Hay un mensaje sencillo que se repite una y otra vez en toda la Biblia: Dios se goza más por nuestros esfuerzos en conocerle, que por cualquier otra cosa que pudiéramos ofrecerle. Dios nos creó con un profundo deseo de que le conozcamos; por tanto, no debiera ser difícil entender que buscarle expresa nuestro amor mucho mejor que las palabras.
Comenzamos a aprovechar nuestro gran privilegio de conocer personalmente a Dios cuando recibimos su regalo de vida nueva en Cristo. A partir de ese momento somos llenos de su Espíritu Santo. El Señor Jesús, nuestro mediador, salvó la brecha de pecado que separaba a Dios y al hombre. Por su muerte en la cruz, hizo posible que, a pesar de lo pecadores que éramos, nos convirtiéramos en hijos de Jehová de los ejércitos, cuya santidad abrumó a Isaías (Is 6.1-7). Es imposible conocer verdaderamente a Dios, sin conocer primero a Jesús.

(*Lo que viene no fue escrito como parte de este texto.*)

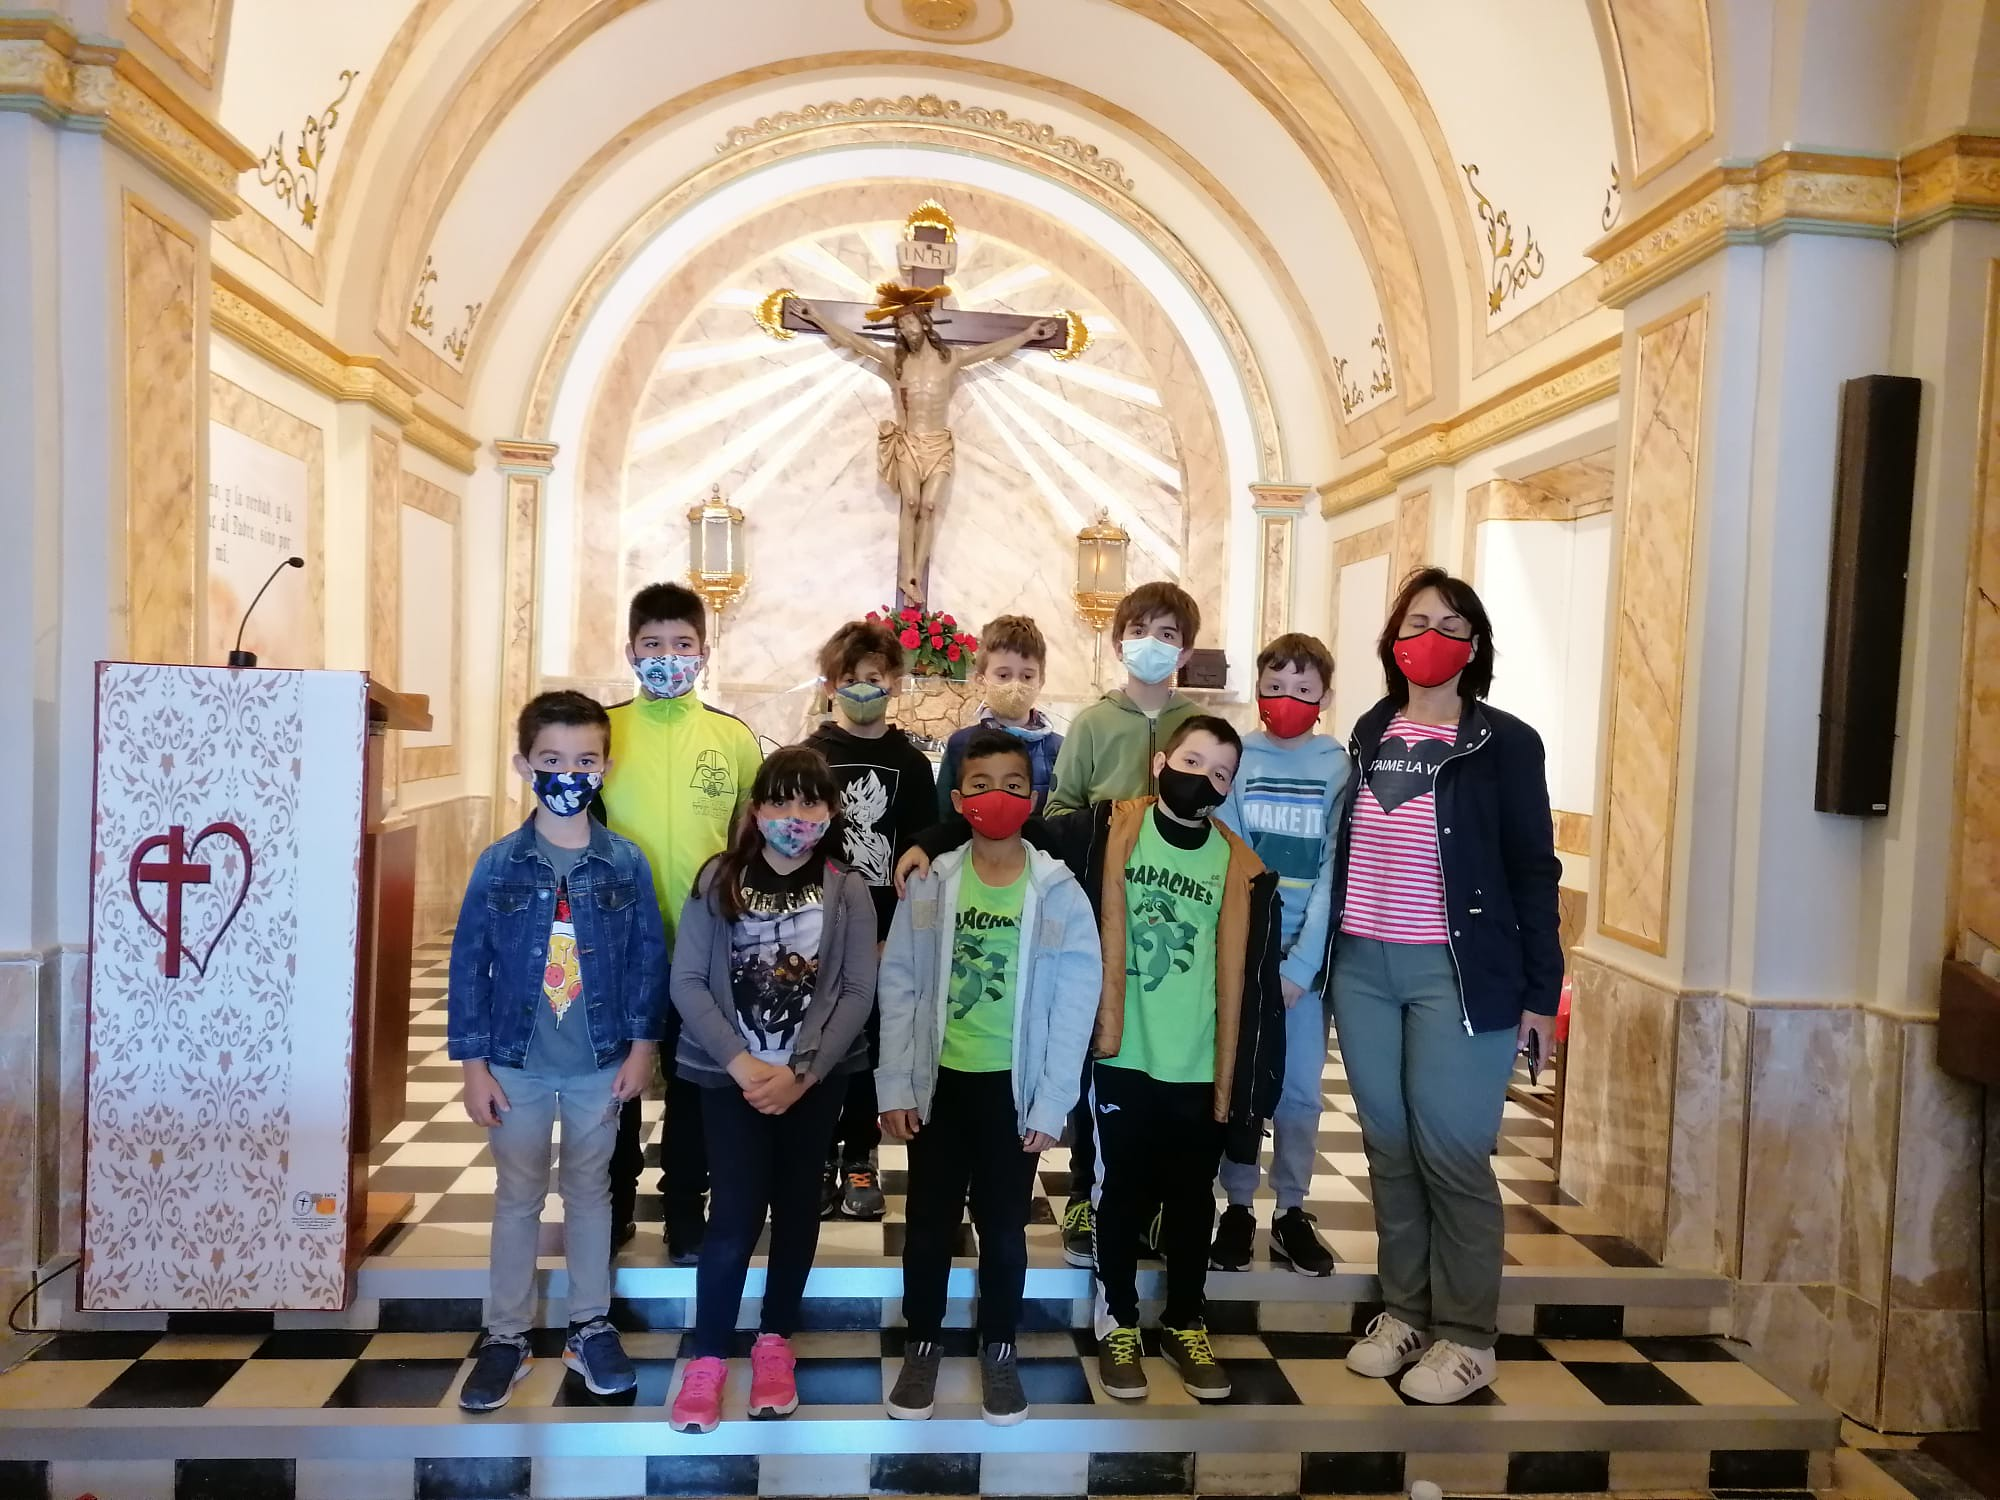 (2021-05-11) - Visita ermita alumnos Laura,3º B, Reina Sofia - Maria Isabel Berenquer Brotons - (02)

Si nos centramos exclusivamente en nuestras preocupaciones, aprenderemos muy poco acerca del Señor. Para hacer nuestro el privilegio que Cristo nos ha dado —el de conocer al Padre— tenemos que estar interesados en lo que le interesa a Él. Al observar con atención su manera de hacer las cosas, podemos llegar a entender lo que considera importante. Sabemos que a Dios le importan los que andan en oscuridad, los que no tienen a nadie que les ayude, los enfermos, los que sufren y los que mueren. Para aprovechar al máximo el privilegio de conocer al Señor más profundamente, debemos llevar su amor al mundo, e involucrarnos cada día en lo que está haciendo a nuestro alrededor.